By Mark Hughes Cobb-Tuscaloosa News

Although many know Sam Shepard best as a film actor — Chuck Yeager in “The Right
Stuff,” opposite longtime partner Jessica Lange in “Crimes of the Heart,” in Terrence
Malick’s “Days of Heaven” and more — he built his reputation primarily as a writer.

Even while carving out an eclectic career verging from counterculture to mainstream,
Shepard wrote his most famous trio of plays — “True West,” “Curse of the Starving Class”
and “Buried Child,” a Pulitzer Prize winner — in the late ’70s and early ’80s, about the
same time he created “Seduced,” playing now in the Allen Bales Theatre as part of the
University of Alabama Department of Theatre and Dance’s season.

Shepard’s plays are challenges at best, with wild, anarchic blends of myth, dark humor,
sparse language and harsh realities, but director Raines Carr has pulled together a
dimensional, disturbing creation, shadowy with edges protruding. It’s led by a stellar
central performance from Matt Gabbard as Henry, a Howard Hughes-ish recluse
gabbling, exploding and imploding in his later years.

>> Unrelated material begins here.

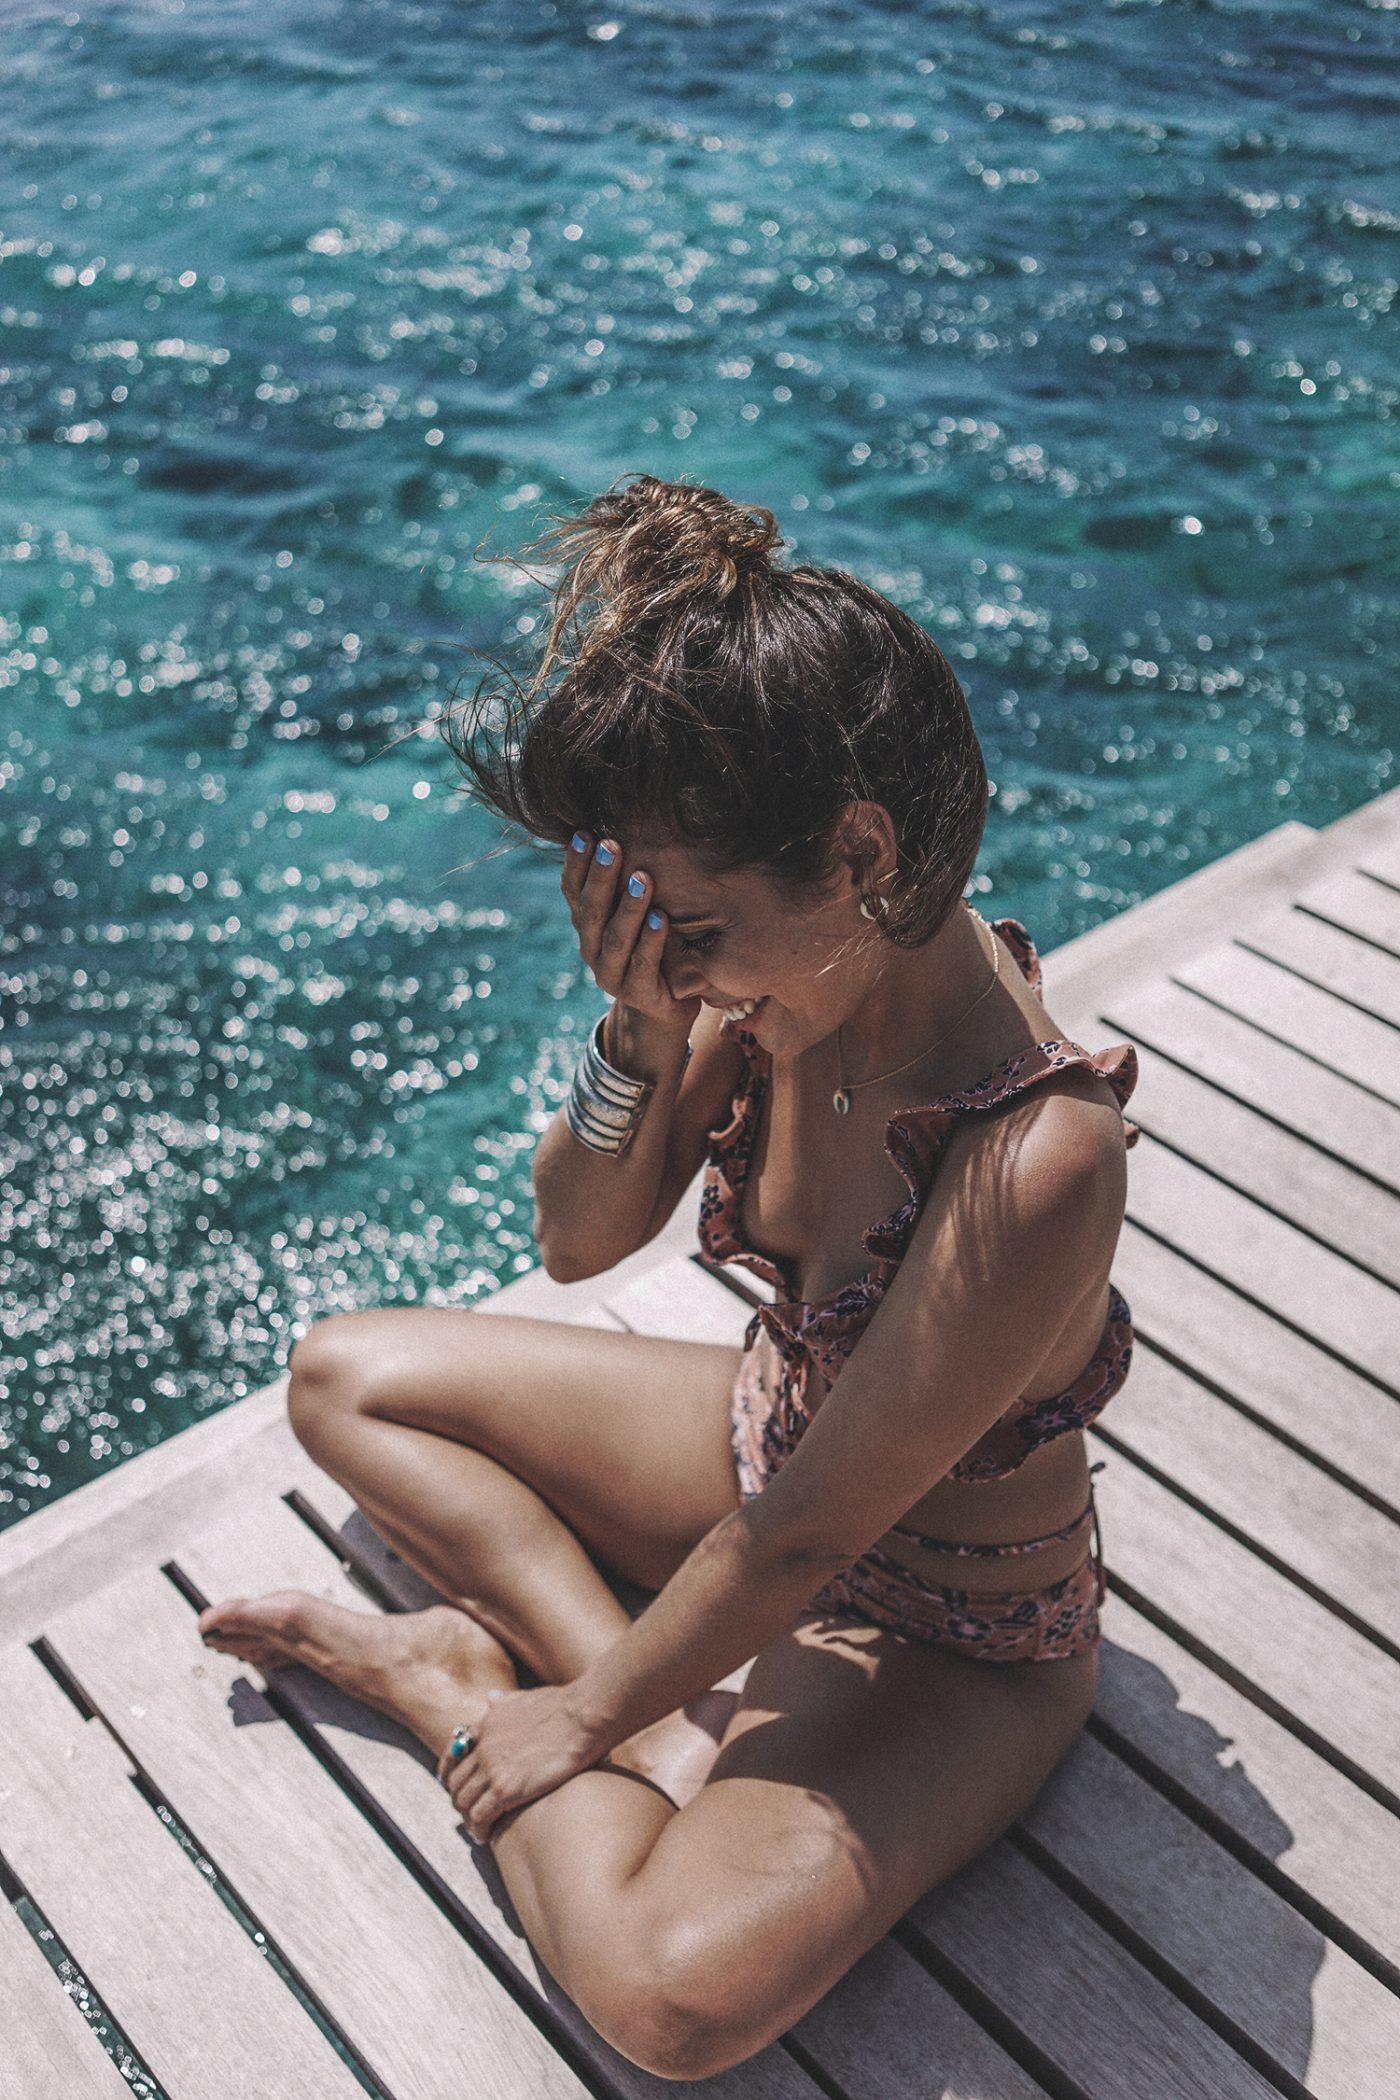 Mykonos-Beach-Summer-BeachWear-Bikini-For_Love_And_Lemons-Collage_Vintage-118

Garrett Walsh’s set, an aviator’s graveyard dimpled by an OCD navel, helps Gabbard
hunker at the central chaos of a crash-down life, an effect nicely assisted by shifting tones
in a tawny, sometimes- harsh lighting design by Amanda Harris. It’s desert and oasis,
man and machine, ugly reality and dismantled fantasy.

“Seduced” opens musically, with the elegiac title track to Randy Newman’s 1972 classic,
“Sail Away,” which, despite the seeming incongruity, sets the course. Newman’s sardonic,
backhanded assaults deeply influenced Shepard: The songs are written into the script.

The thing some who only know Newman as writer of “Toy Story” hits miss is that his
sweet melodies often hide satiric twists, such as in “Short People,” one of the more widely
misunderstood anti-discrimination hits, or in “I Love L.A.,” “Rednecks,” or
“Birmingham,” a song both tongue-in-cheek and not, which is always slightly disturbing
to see Magic City folks sing along with.